Now "commit and push".

magic add foo/bar.txt
git commit -m 'changed foo bar'
magic sync

Note: We didn't really have to git commit!
magic sync would have done that for us,
but committing let us put in our own message.

Syncing the edits

To get the file to the stick,

cd "$STICK/magicfolder"

we sync, which fetches the meta data with git
and then get . (everything) to actually transfer the file.

magic sync && magic get .
cat foo/bar.txt
booya

…"locking", eh?

Doesn't this locking/unlocking seem complicated
in comparison to, say, Dropbox?

YES. That is why we use 'direct mode'.

direct mode

You may now forget the slides about locking/editing.

cd ~/magicfolder
magic direct
…
direct  ok

direct mode

All available files are normal files;
all unavailable files are symlinks
(and we can use magic get to make them available).

Do something:

echo 'pow' > foo/bar.txt
magic sync

Sync it!

cd "$STICK/magicfolder"
magic sync && magic get .
cat foo/bar.txt #
pow

Note: We could also have used copy --to stick.

special remotes

Usage: If you just want to copy somewhere, for backup or transfer.

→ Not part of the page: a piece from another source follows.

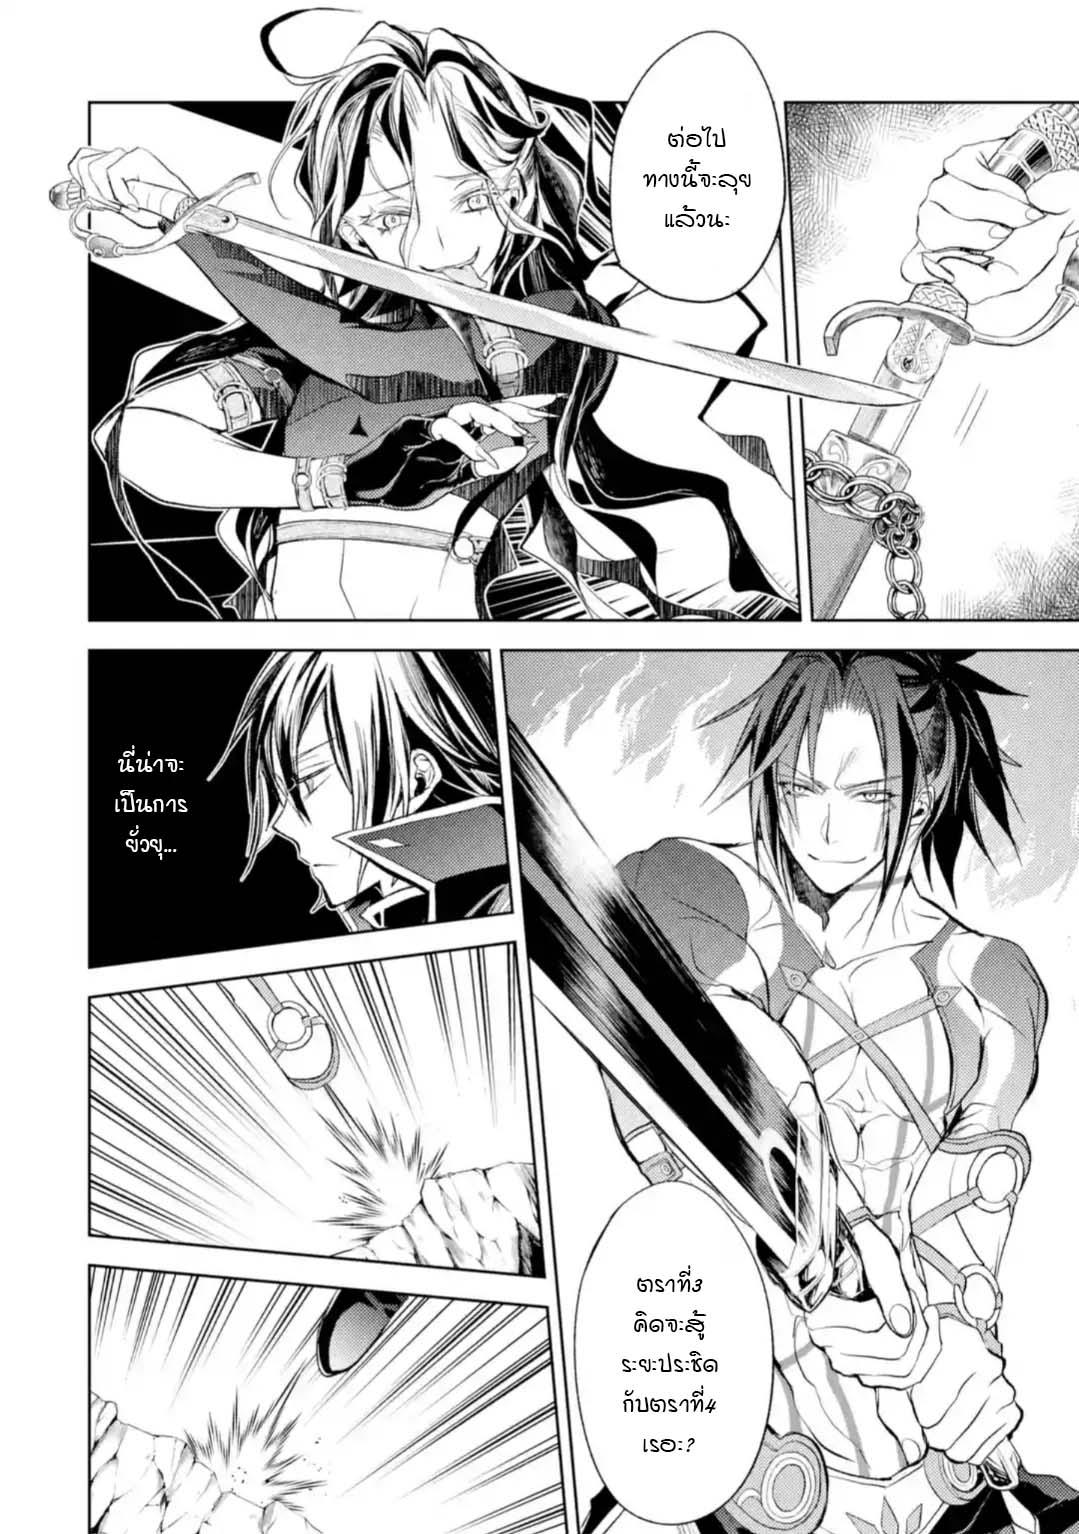 อ่านการ์ตูน Senmetsumadou no Saikyokenja ตอนที่ 8.5 หน้าที่ 9

If you'll look at the directory, it will just be a bunch of object files.

Special remotes are (GPG) encrypted by default,
so you have to explicitly turn it off (encryption=none).

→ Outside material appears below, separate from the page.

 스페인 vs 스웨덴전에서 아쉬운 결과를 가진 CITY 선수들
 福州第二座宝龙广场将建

Once setup with initremote,
magic can use them like any other remote – it just works™.

encrypted folder in Dropbox

The remote will have a name and a GPG key.

BOX=dropbox # how to call the remote
BOX_PATH="~/Dropbox/BACKUP/magic/"
KEY=965113EA # YOUR GPG keyid - don't take mine ;)

Make a new folder in the Dropbox:

mkdir -p "$BOX_PATH"
cd ~/magicfolder
magic initremote $BOX type=directory \
directory="$BOX_PATH" \
keyid=$KEY
initremote dropbox (encryption setup)
(hybrid cipher with gpg key 3771835A3BADB56D) ok

Alternative if you don't have a key handy (unecrypted):

magic initremote $BOX type=directory \
directory="$BOX_PATH" \
encryption=none

encrypted copy to Dropbox

Like any other remote, just a password prompt for the key.

cd ~/magicfolder
magic copy . --to $BOX
copy foo/bar.txt (gpg)
You need a passphrase to unlock the secret key for
user: "Max F. Albrecht <1@178.is>"
4096-bit RSA key, ID 965113EA, created 2013 (main key ID FOO)

(to dropbox...)
ok

more special remotes

  • xmpp (jabber!)
  • rsync
  • bup
  • web
  • webdav
  • (Amazon) S3
  • Amazon Glacier
  • More in the Docs

more backends

  • how files are matched with they meta data.
    obviously very important.

  • default is SHA256E, a file hash plus the file extension

  • WORM: alternative if you don't want hashing, uses just file name, date, etc. usefull if:
    1. you trust the disk or
    2. you don't care
    3. performance (2 TB Videos @ Raspberry Pi)
cd ~/magicfolder
echo '* annex.backend=WORM' > .gitattributes

Save Point #3:

Use the direct mode for normal folders,
and the indirect mode for normal git repos + magic.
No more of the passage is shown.